将docx批量转换为清理HTML [英] Batch conversion of docx to clean HTML

查看:140
本文介绍了将docx批量转换为清理HTML的处理方法,对大家解决问题具有一定的参考价值,需要的朋友们下面随着小编来一起学习吧!

问题描述

我开始怀疑这是否可能。我在Google上搜索了解决方案,并没有提供任何完全符合我喜欢的解决方案。



我认为这有助于解释需要什么。我在我大学的IT部门为数据库小组工作。我的主要工作是在docx文件中获取报告的规格,将其复制到Dreamweaver中,修正一些格式并将其放到他们的网站上。我的问题是,一遍又一遍地做这件事很荒谬。我想,嘿,我一段时间都没有用C#编写任何东西,也许我可以编写一个应用程序来获取docx文件,将其转换为HTML,修复CSS,将页眉和页脚粘贴在那里的网页上并保存结果。我原本计划让它一个接一个,但它可能并不难,让它输入文件列表和批量转换。



我找到了这些有关如何实现这一目标的相关主题,但它们并不适合我的需求。

http://www.techrepublic.com/blog/howdoi/how-do-i-modify -b-word-documents-using-c / 190



对于一些文档来说这可能很好,但是因为它只是自动化Word的一个实例,所以我觉得就像它会很慢并且内存密集。我宁愿避免打开和关闭Word的实例50次以上。

http://openxmldeveloper.org/articles/333.aspx



这是我开始使用的。 XSLT的优点是不需要为每个文件安装或运行。经过一番搜索后,我得到了一个概念验证的工作。它需要一个docx文件,将其解压缩,从中抓取document.xml,并使用从OpenXML查看器中清除的DocX2Html.xsl文件。我相信最初由MS提供的SharePoint服务器提供了在浏览器中呈现Word文档的能力。或者沿着这些线路。



在调整了代码以适合我的需求并且遇到objXSLT.Load()方法的问题后,我最终使用IlMerge来创建将XSL转换成DLL。不知道为什么我在使用普通的旧XSL文件时不断收到编译错误,但是DLL工作正常,所以我很满意。这里( http://pastebin.com/a5HBAakJ )是我目前的代码。它将docx转换为HTML的工作很好(除了某些单词之间的随机空格之外),但结果文件具有可笑的HTML语法。这个怪物的例子可以在这里找到( http://pastebin.com/b8sPGmFE )。



有谁知道我可以如何补救?我想也许我需要创建一个新的XSL文件,因为MS提供的是负责将所有这些标签和额外代码粘贴在那里的东西。我的问题是,我不知道如何做到这一点。也许有一个替代版本已经在那里。我所需要的只是保存表格和文本格式。图片不是必需的。

解决方案

这看起来就像你需要的: http://msdn.microsoft.com/en-us/library/ff628051(v = office.14 ).aspx



作者Eric White博客讨论了他开发该工具的经验。你可以在他的博客上看到帖子列表: http://blogs.msdn.com/b/ericwhite/archive/2008/10/20/eric-white-s-blog-s-table-of -contents.aspx#Open_XML_to_XHtml


I'm starting to wonder if this is even possible. I've searched for solutions on Google and come up with nothing that works exactly how I'd like it to.

I think it'd benefit to explain what that entails. I work for database group at my university's IT department.

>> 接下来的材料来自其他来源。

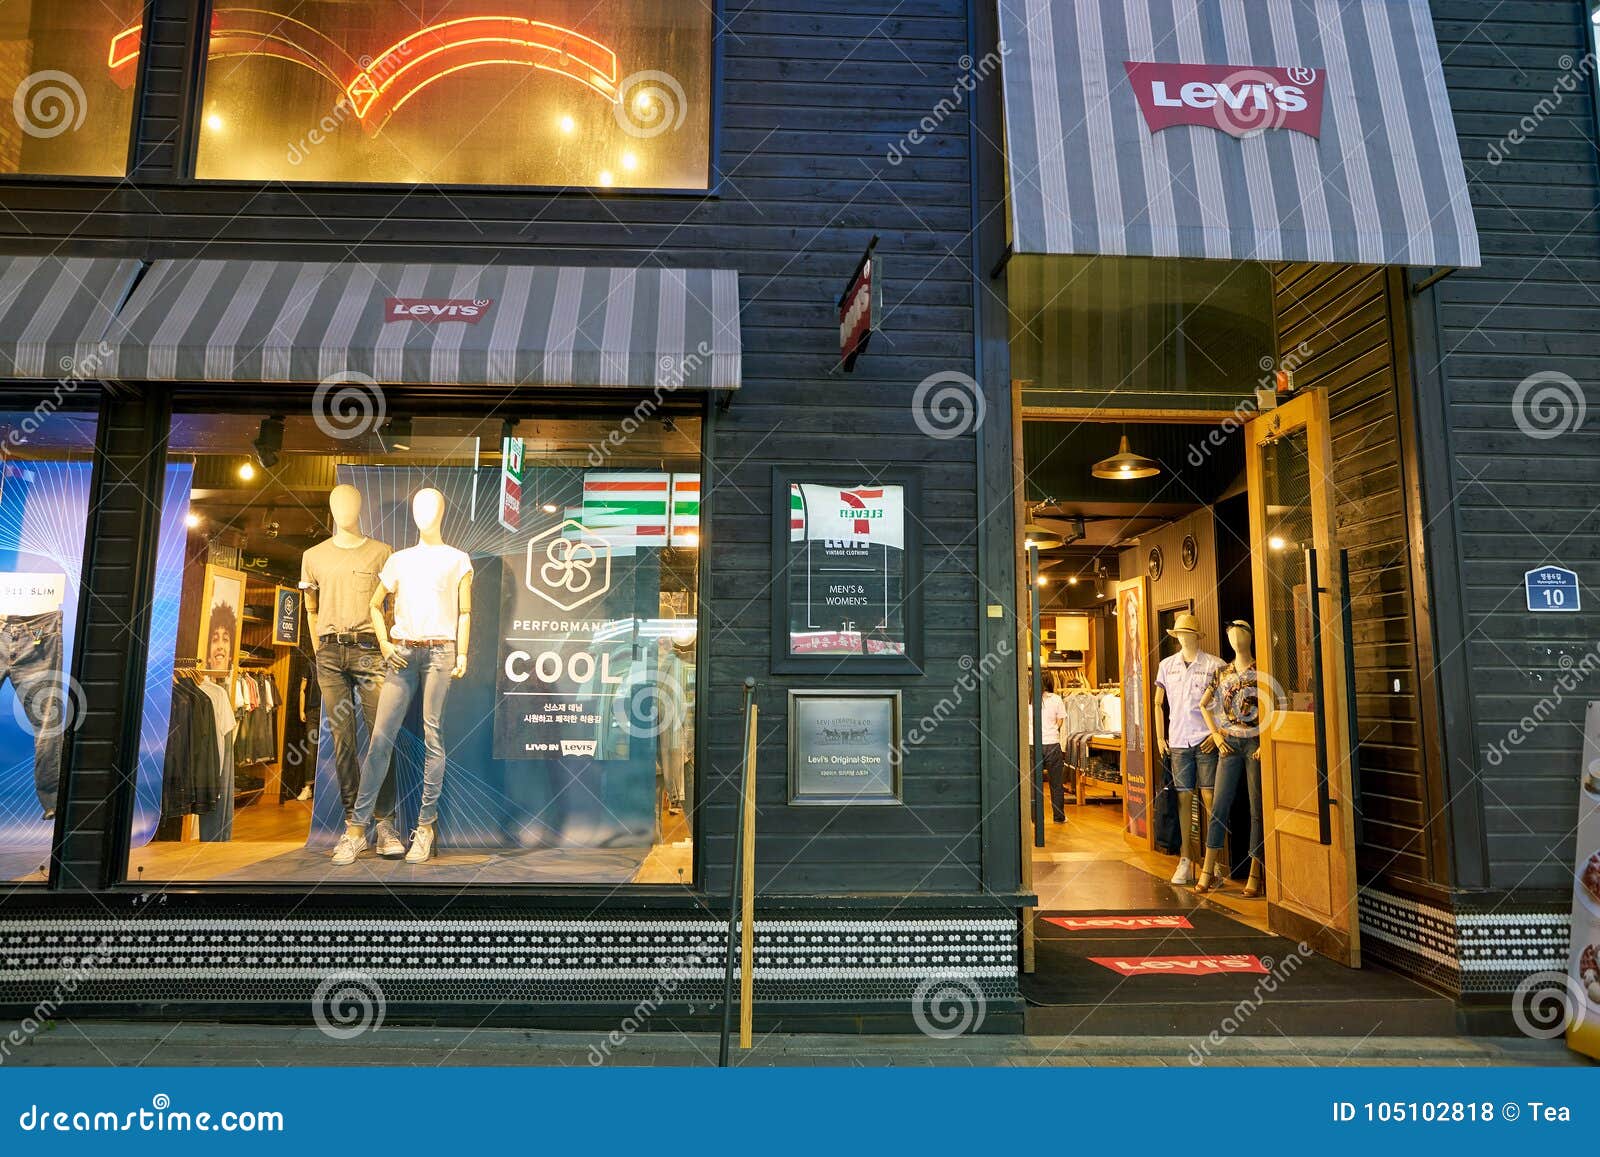 Levi s storefront editorial stock photo. Image of trade - 105102818

My main job is to take specs of a report in a docx file, copy that over to dreamweaver, fix some formatting, and put it onto their website. My issue is that it's ridiculously tedious to do this over and over. I figured, hey, I haven't written anything in C# for some time now, perhaps I could write an application to grab a docx file, convert it to HTML, fix the CSS, stick the header, and footer from the webpage on there, and save the result. I originally planned to have it do one by one, but it probably wouldn't be difficult to have it input a list of files and batch convert.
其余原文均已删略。